Last night was watching a show on cold cases; murders where the killers have never been brought to justice. This episode had to do with a killing of two African American teenagers in Mississippi in 1964. Members of the Klan were driving down the road, recognized the two boys, lied to them about who they were and the boys jumped into their truck…only to be drug into the woods, tied to a tree, beaten within an inch of their lives and then drowned in the Mississippi River. We’ve all heard the stories about lynchings and beatings in the south during the most difficult times, but for some reason, this struck me as worse. I’m not sure why-maybe it was the testimonies, maybe it was the fact they were near the spot where the boys were beaten, whatever. One of the Klansmen later reported to the FBI what had happened to finish off the young men. They were untied from the tree, thrown into the trunk of a car, driven to an island in the middle of the Mississippi River, tied to loose slabs of train track, then tossed in the river to drown.
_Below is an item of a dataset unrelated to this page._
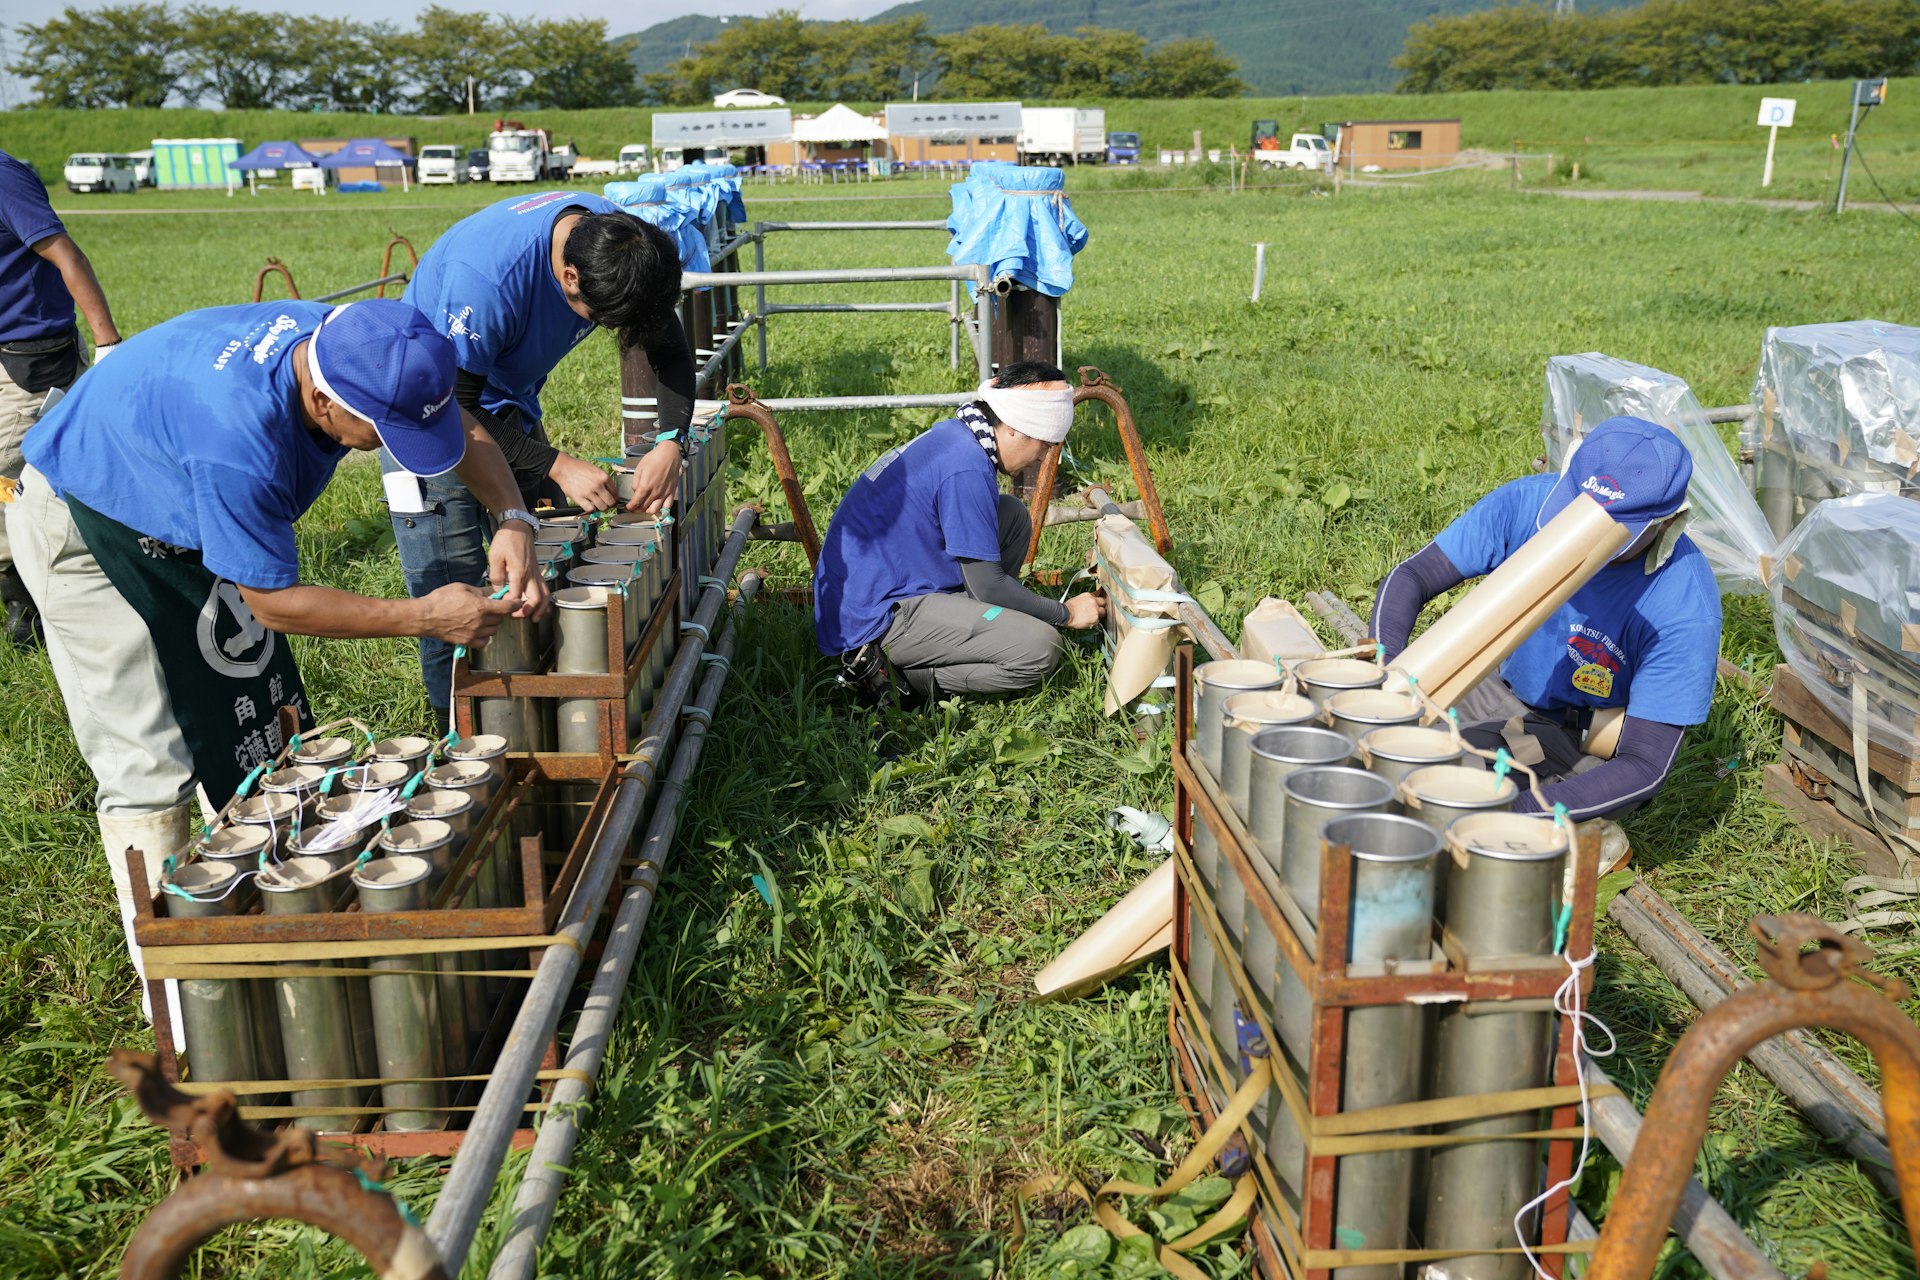 Four fireworks technicians bend over as they make adjustments to many tubes of explosives in an open field
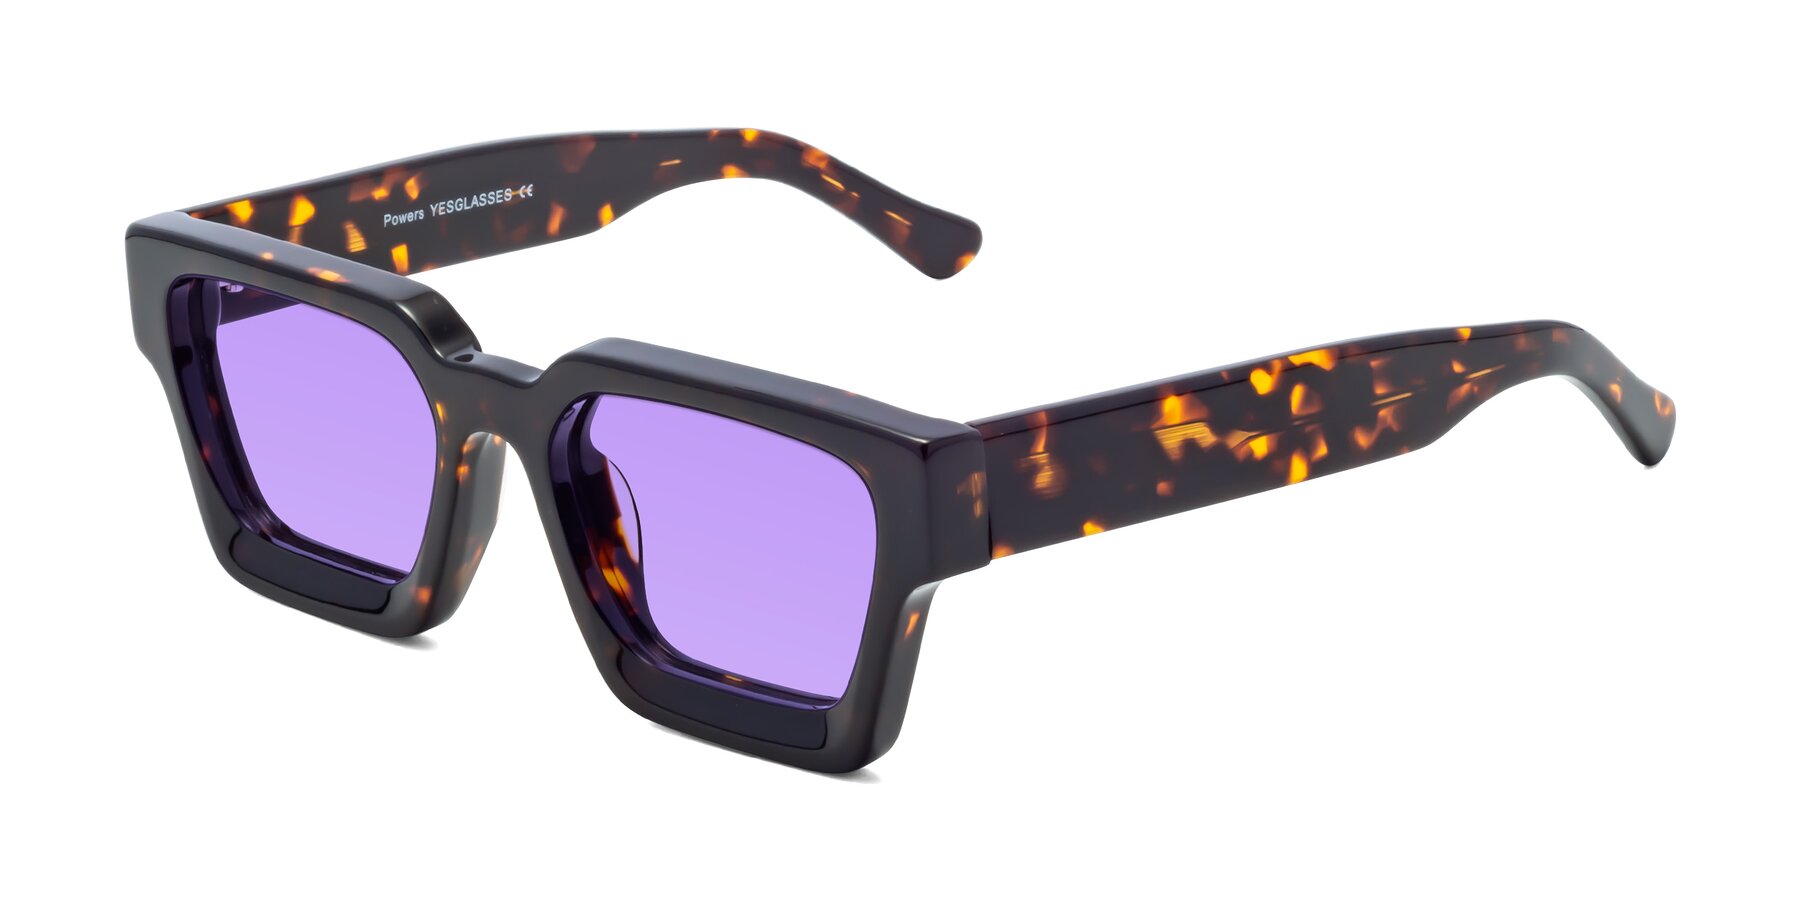 Angle of Powers in Tortoise with Medium Purple Tinted Lenses

Lacsidasical prosecutors, an unsympathetic community, the south in the middle of a civil rights movement, etc. etc….but there was never a conviction. Not even an indictment. The brother of one of the murdered boys now lives in Colorado Springs and was taken by the documentary crew to the town to try to find justice. It took 18 months and tons of trying, but they finally, finally got an indictment for the murders.

What struck me so much was the attitude of the brother. He said, “I never thought I could walk up to a white person and talk wth them…not here. Not in this town.”

Yes, there is prejudice and racism in the world. We all know that. But to have lived through such a horrific event and put that fear behind him to go back to ind justice(especially some 40 years later) is a tenacity we all should admire.